In questi anni i lavoratori hanno ceduto diritti in cambio di nulla. E ora il taglio del cuneo fiscale va finanziato colpendo gli enormi guadagni speculativi realizzati in questi mesi da alcune imprese. La ricetta dell’economista

Aumentare i salari con il taglio del cuneo fiscale? «Sì, certo, quella è la via facile per mettere più soldi in busta paga. C’è il rischio, però, che la manovra finisca per gravare soprattutto sulla fiscalità generale.
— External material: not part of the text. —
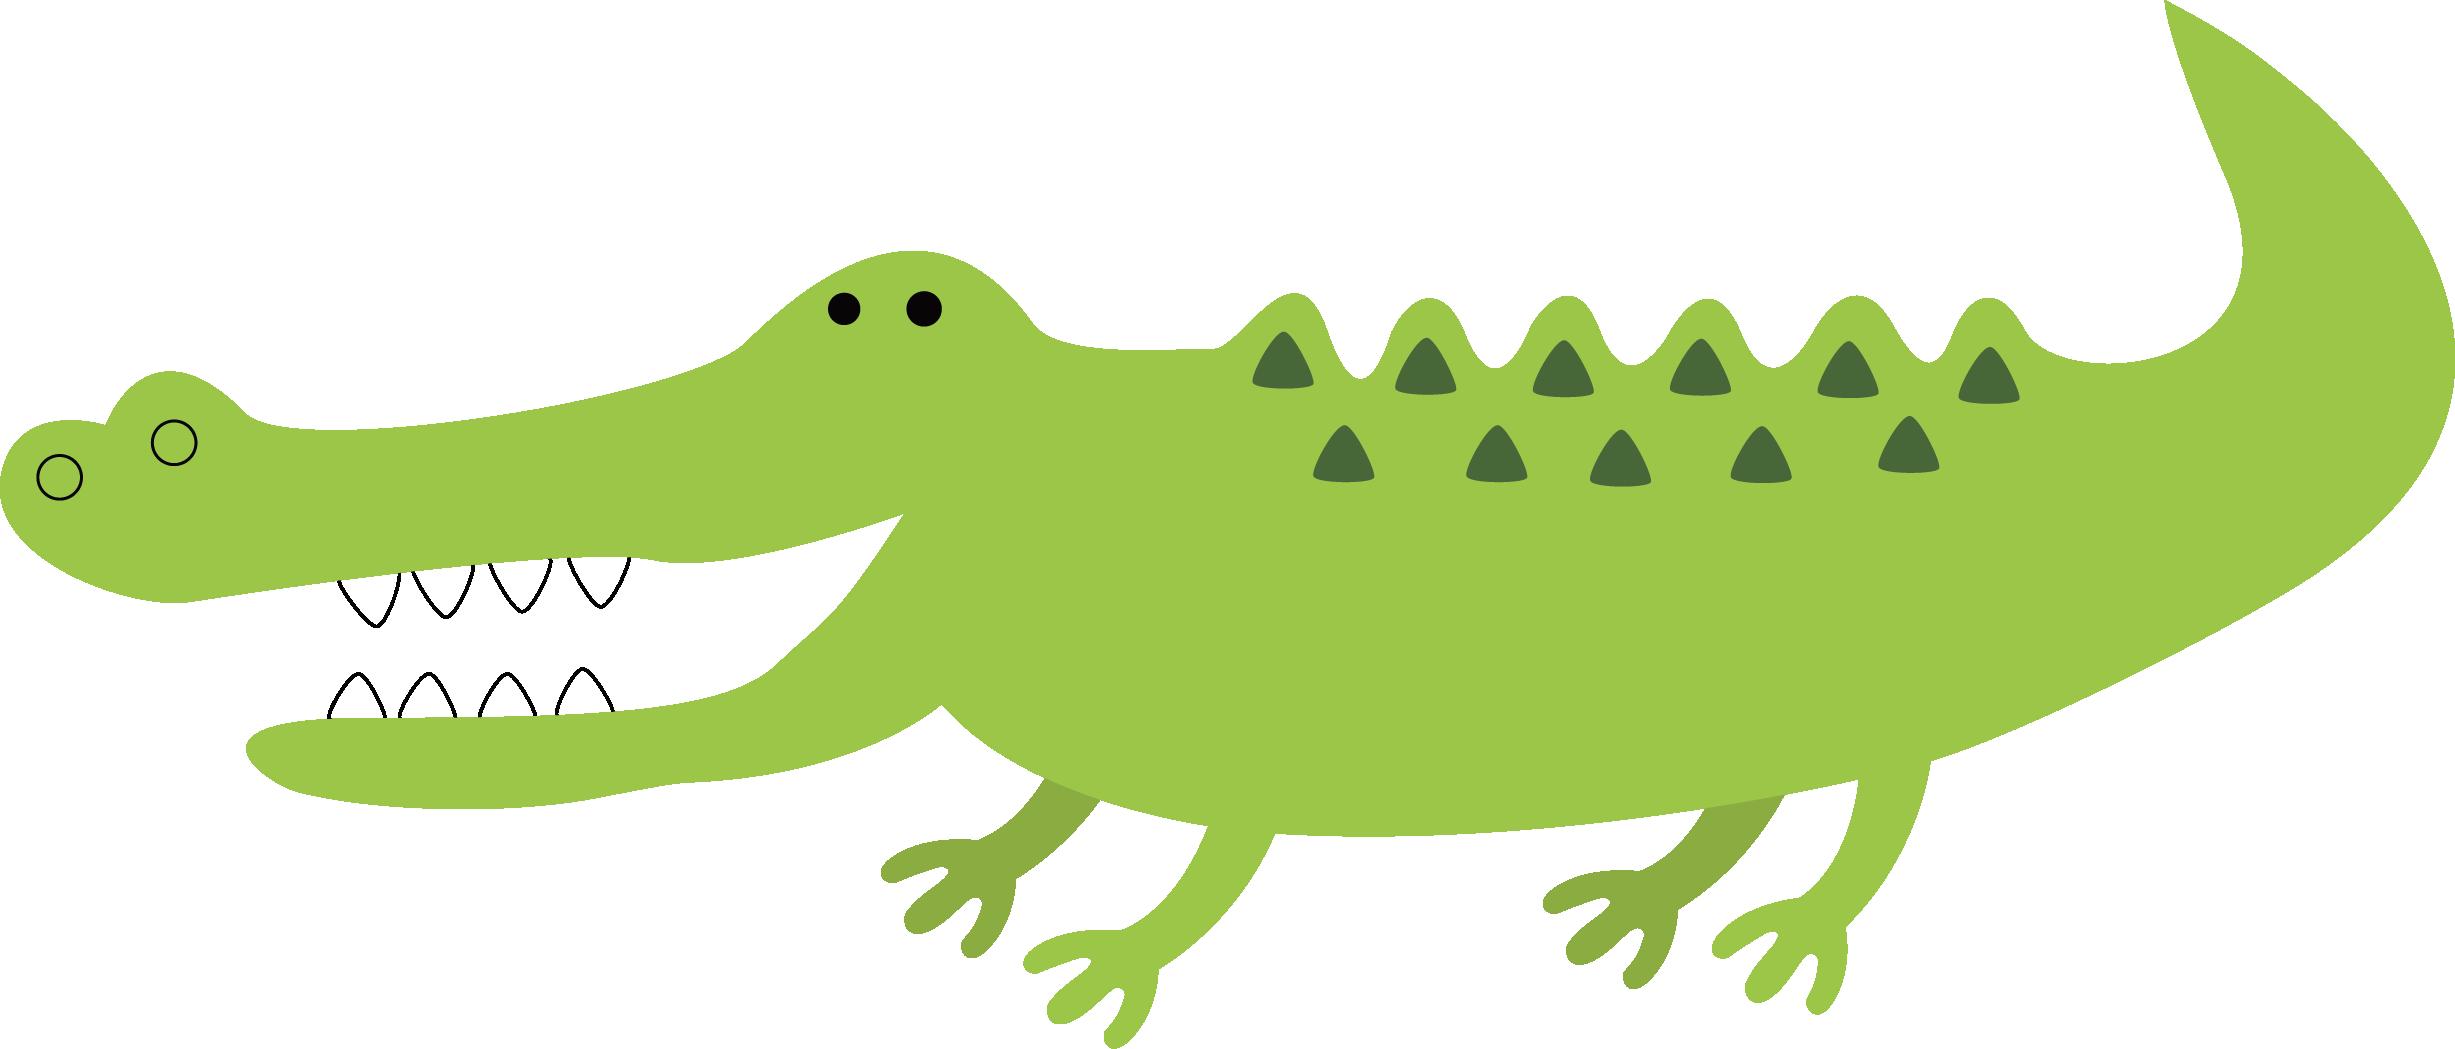 Pear clipart crocodile. Alligator green jaw vector

E siccome in Italia a pagare le tasse sono solo i lavoratori dipendenti, temo che tutto si risolva in una specie di partita di giro, con ben pochi vantaggi concreti per chi nei prossimi mesi vedrà il proprio reddito reale calare ancora per effetto dell’inflazione».

 

Giovanni Dosi, ordinario di politica economica alla Scuola Superiore Sant’Anna di Pisa, uno degli accademici italiani più accreditati a livello internazionale, vede un futuro prossimo in cui «ancora una volta saranno i salari a pagare il conto del rallentamento della crescita, forse addirittura di una possibile recessione che andrà a sommarsi a un aumento dell’inflazione già in corso».

E quindi dove trovare i soldi per gli interventi a sostegno del reddito dei più bisognosi?
«Partiamo da un dato di fatto: in Italia la tassazione sulle rendite finanziarie e sui profitti è scandalosamente bassa rispetto a quella sul lavoro. Quindi è in quella direzione che bisogna muoversi».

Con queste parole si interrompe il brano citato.